Beginning with the line that contains "Best indoor plants for bedroom", transcribe the rest of the listing below exactly, including its last line, and exclude any pictures.

DATASET EXCERPT
——

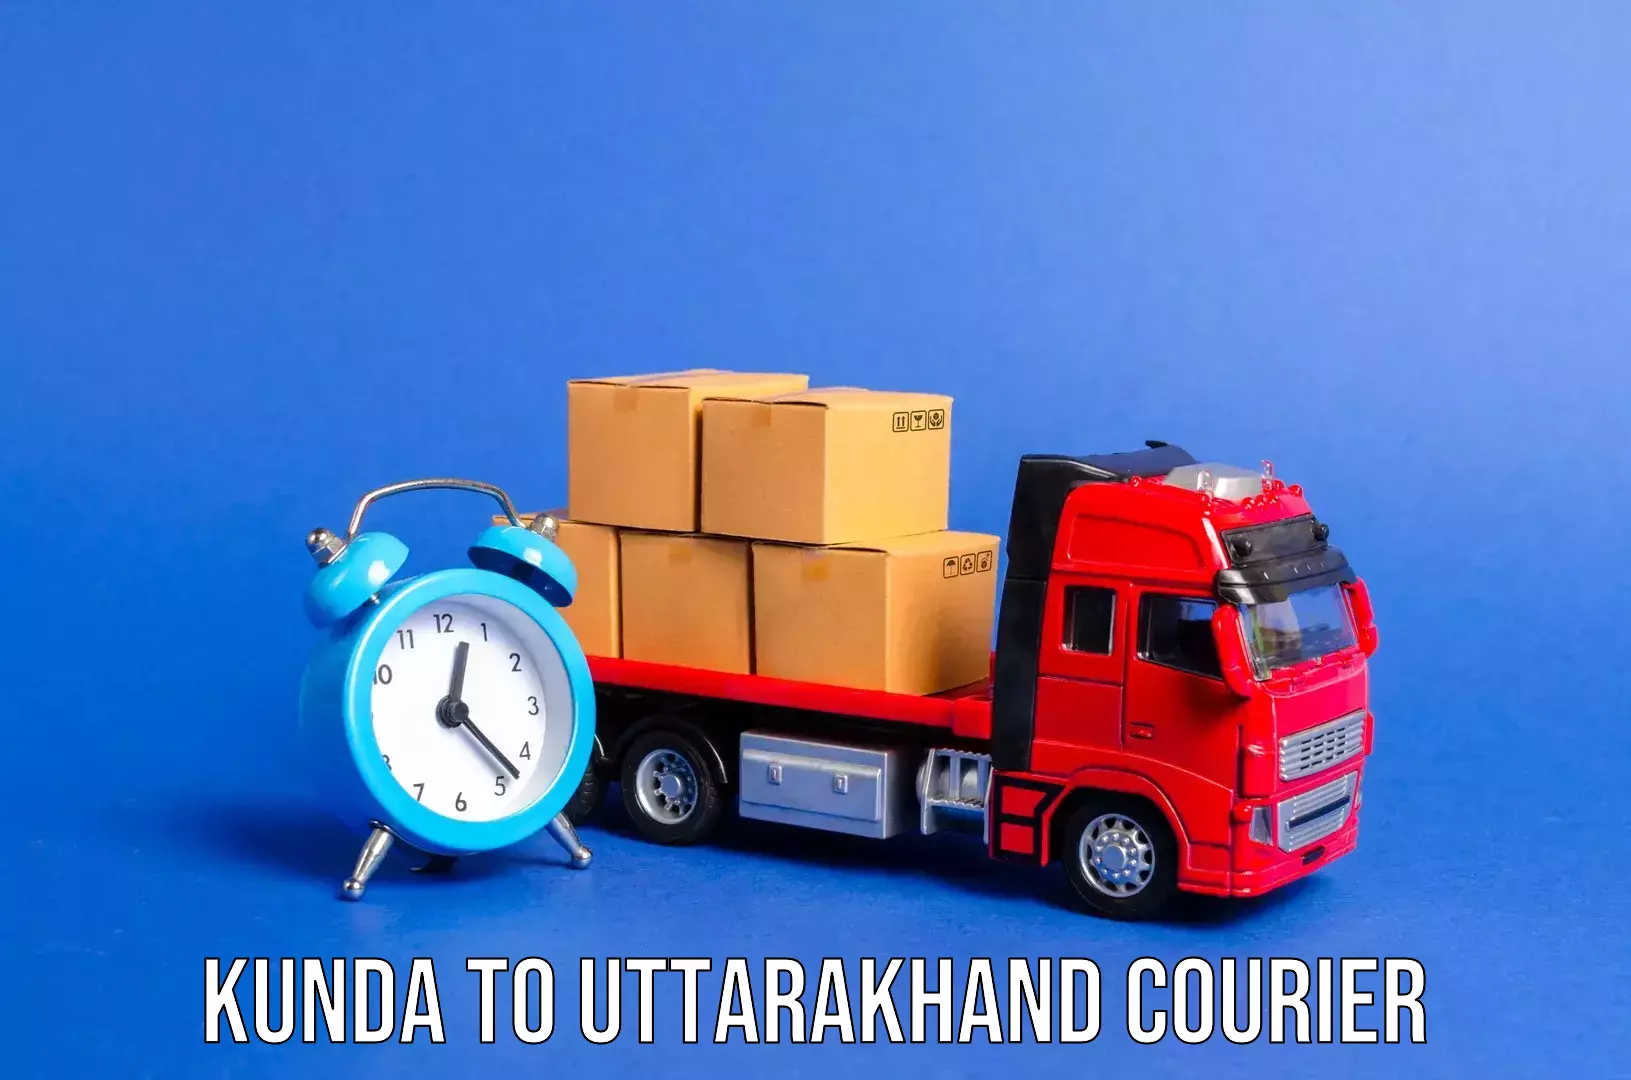 Luggage dispatch service Kunda to Uttarakhand
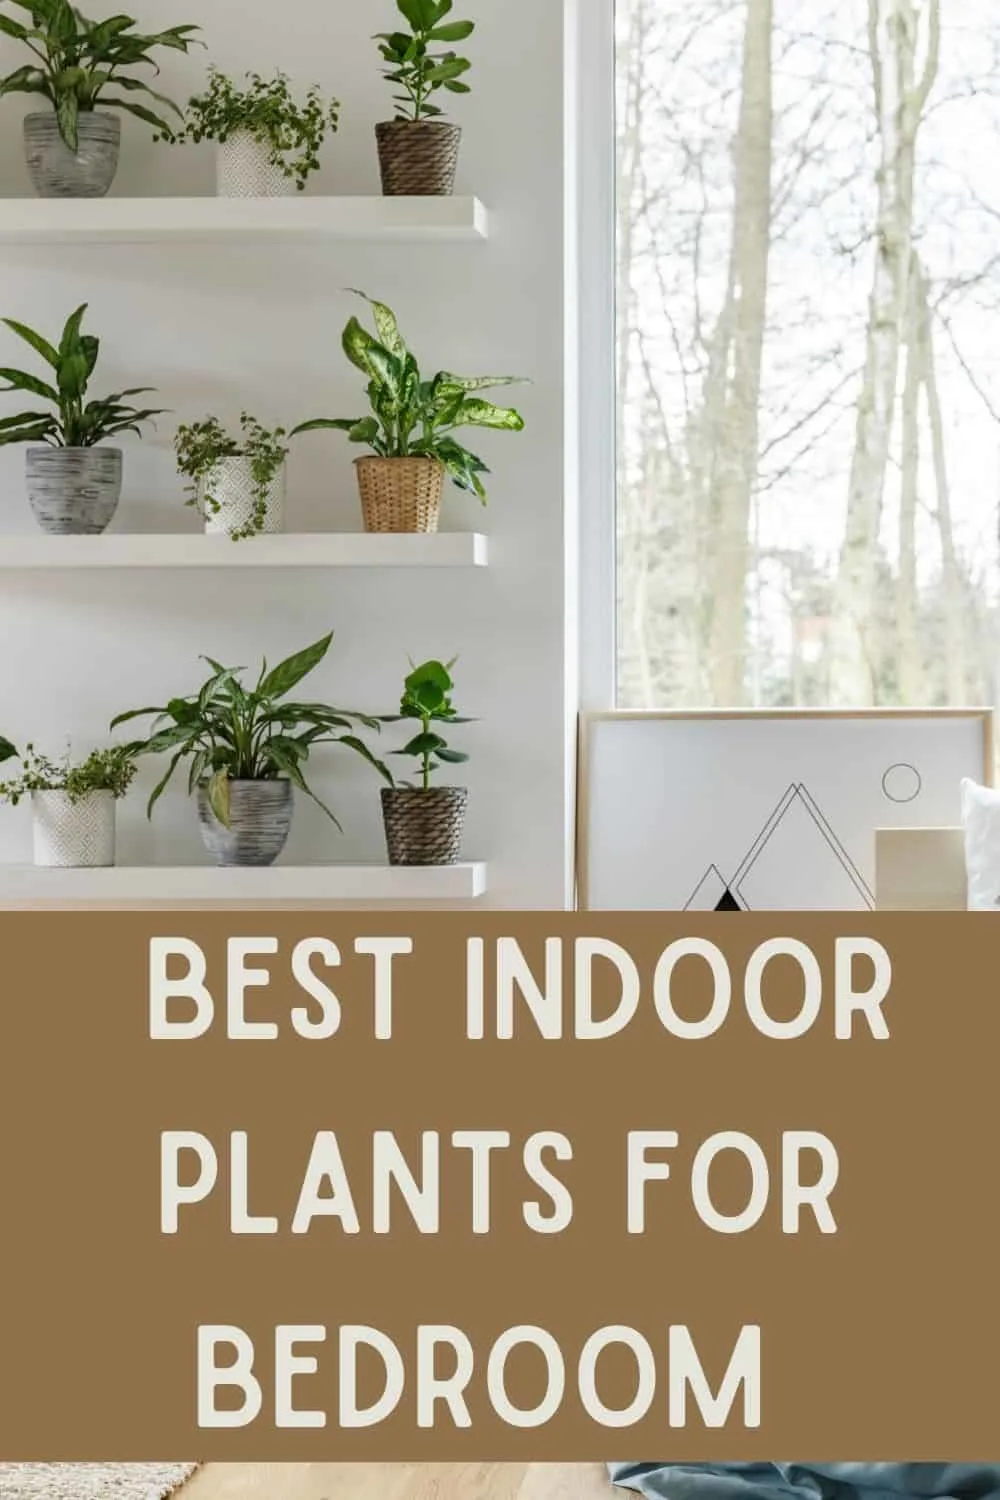 Best indoor plants for bedroom
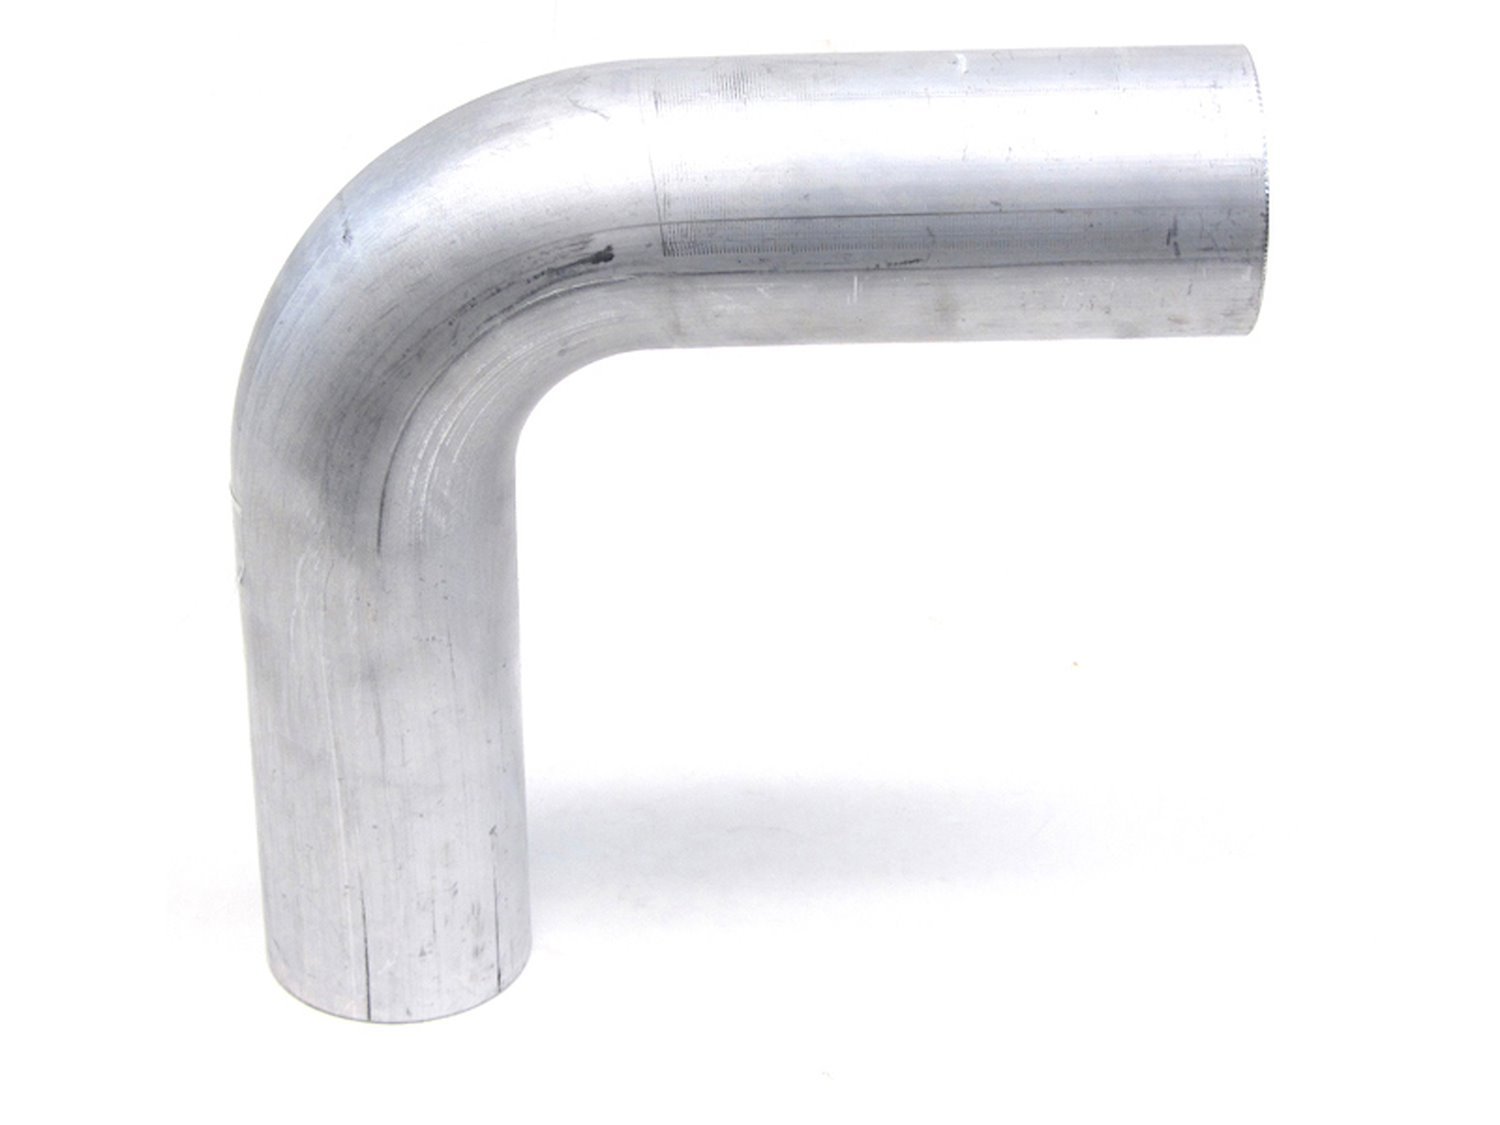 AT90-125-CLR-2 Aluminum Elbow Tube, 6061 Aluminum, 90-Degree Bend Elbow Tubing, 1-1/4 in. OD, Tight Radius, 2 in. CLR

——

SOLUTION FOR THIS TASK
 Best indoor plants for bedroom
 AT90-125-CLR-2 Aluminum Elbow Tube, 6061 Aluminum, 90-Degree Bend Elbow Tubing, 1-1/4 in. OD, Tight Radius, 2 in. CLR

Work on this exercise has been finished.